What’s your kryptonite? I imagine that since you read this blog, you too are on the quest for Flow state day in and day out, getting there a lot of the time and not getting there too. Flow tends to happen in the thing that is your métier, the thing you do, whatever you do best, that which it makes sense to make your life’s work, the thing you love to do the most. A day is not made only of that activity — there’s always a lot of other stuff to do, and Flow might not come as easily in those peripheral activities. At those times, if you focus on staying in the Observer state, the jump back to Flow will be much easier.

It’s useful to assume that whatever is happening, if it’s happening, it might be good enough, so long as you’re not bringing anybody else down. If it feels like you’re coasting now and then, don’t assume you’re not hitting it out of the park, or that you have to do something so you’re always hitting it out of the park.

The Wilhelm/Baynes edition of the I Ching says somewhere “He hastens to that which supports him”, having to me essentially the same meaning as John Lennon’s line “whatever gets you through the night”. This would be your own personal anti-kryptonite — meditation, sleep, yoga, working out, running, solo car karaoke — erasing whatever is tumbling through the washing machine of your mind and emotionarium.  Use whatever trick you find works to back you out of your own self-imposed hell, whenever you find yourself imposing it. Maybe something as simple as asking yourself, “What’s the hidden assumption causing this irruption of displeasure?”

Best to all,

Bill 

Follow my regular blog contribution at Jack Myers Media Network: In Terms of ROI. It is in the free section of the website at  Bill Harvey at MediaBizBloggers.com. 

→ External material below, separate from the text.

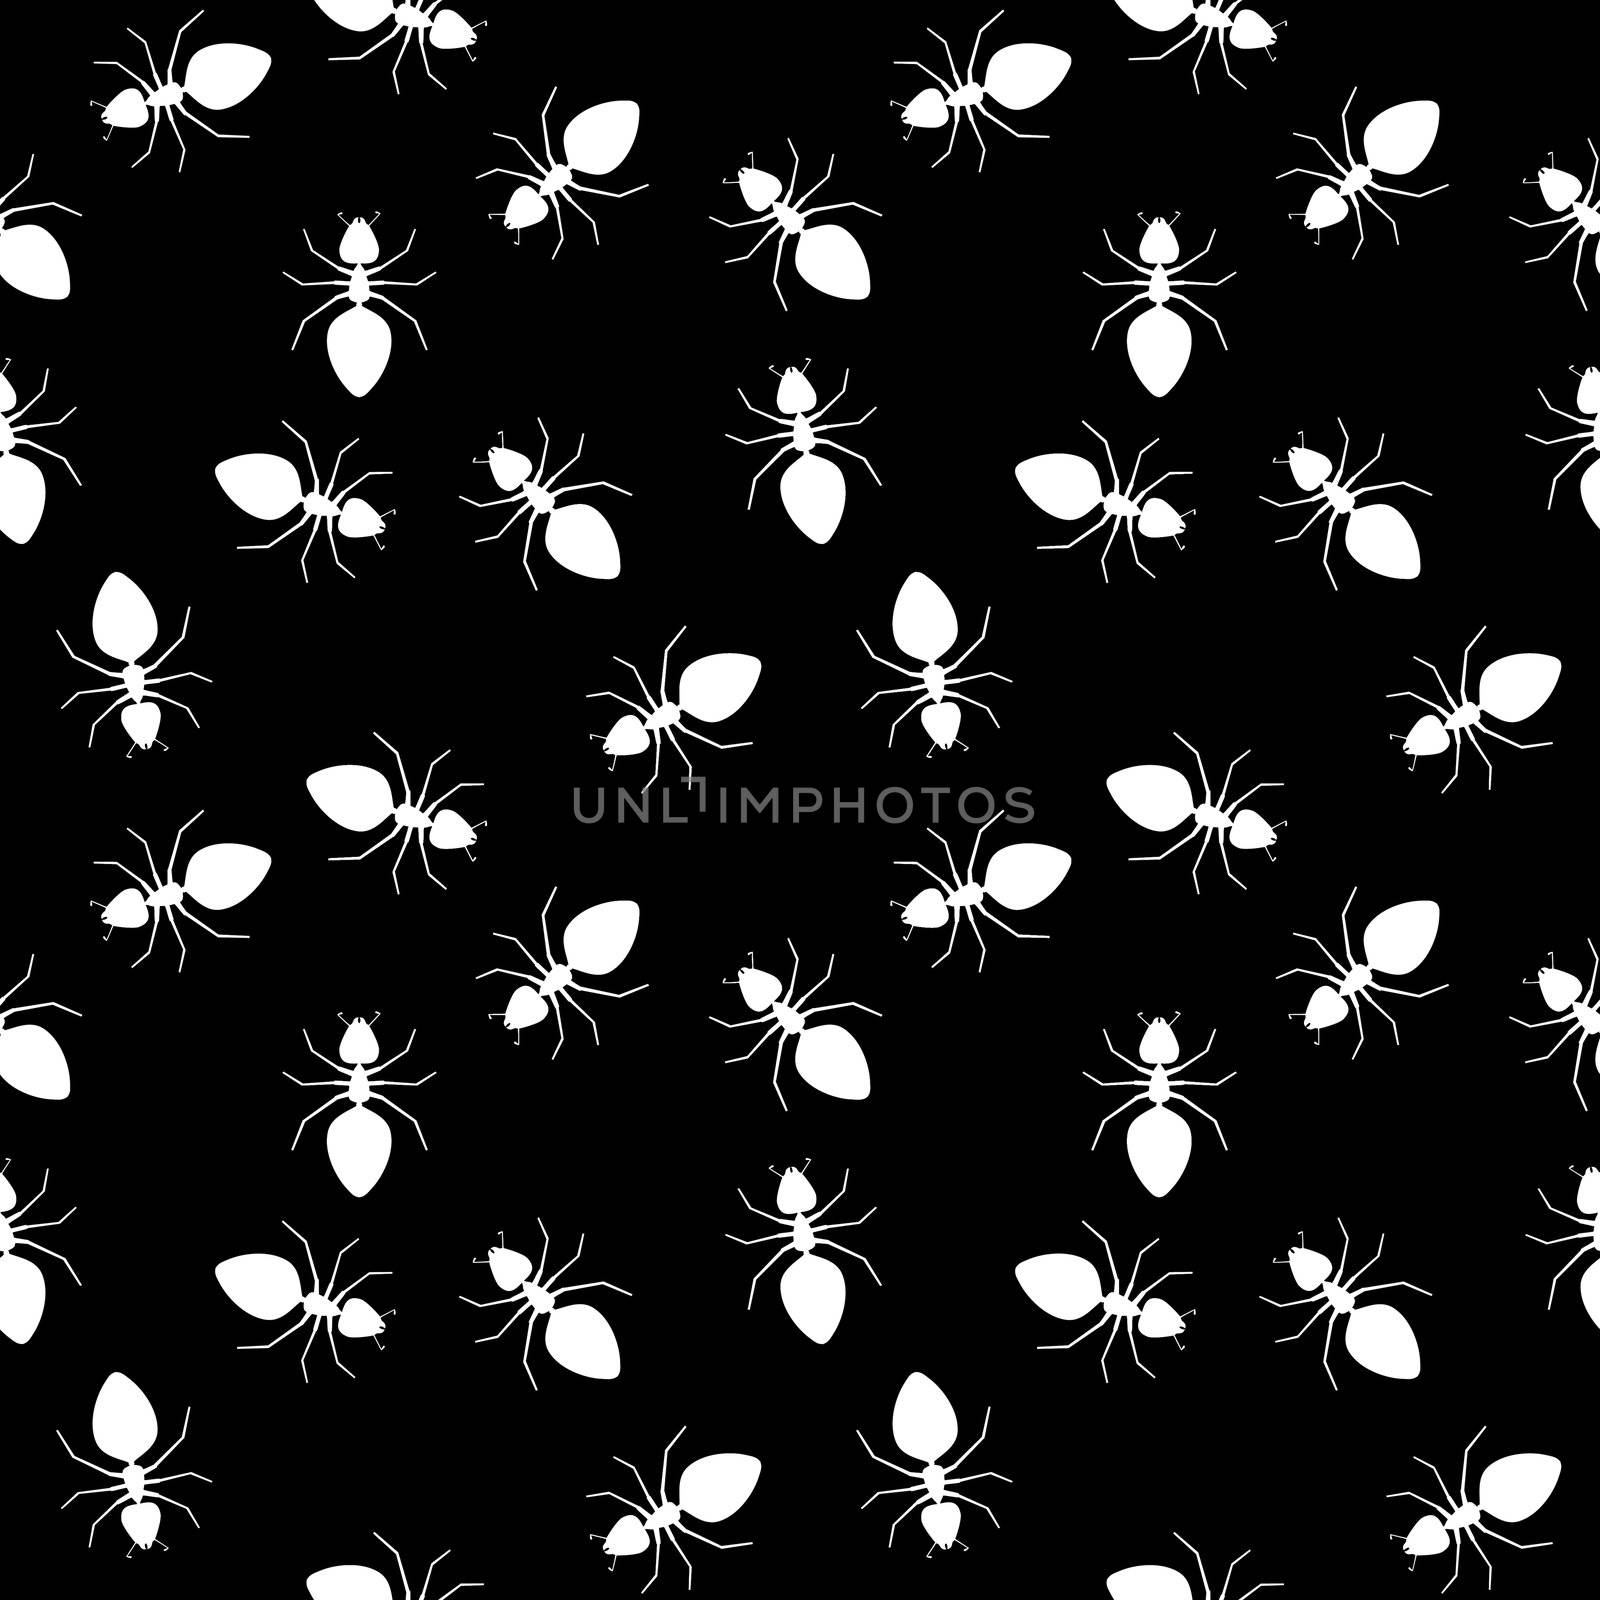 Seamless texture - insects parasites on black by pzaxe

One thought on “What’s Your Kryptonite?

  1. Russ

    a new favorite BHinism:

    …tumbling through the washing machine of your mind /(and emotionarium) – a new brilliant word

    Q: irruption (?) of displeasure
    ====================================================
    my girl friend/companion came up with a new word yesterday:
    nokay – she started to say no and changed her mind to yes, which she expressed as okay. You’ll be able to use that word to explain inner conflict or changing mind-set in mid-word, etc.

    My favorite BH sentence in MIND MAGIC is “The only way you can discover what you really want is to scrutinize each want you currently believe you have, to determine why you want what you want and why you want or don’t want to want what you want.

    especially “…determine why you want what you want and why you want or don’t want to want what you want.” It’s a classic.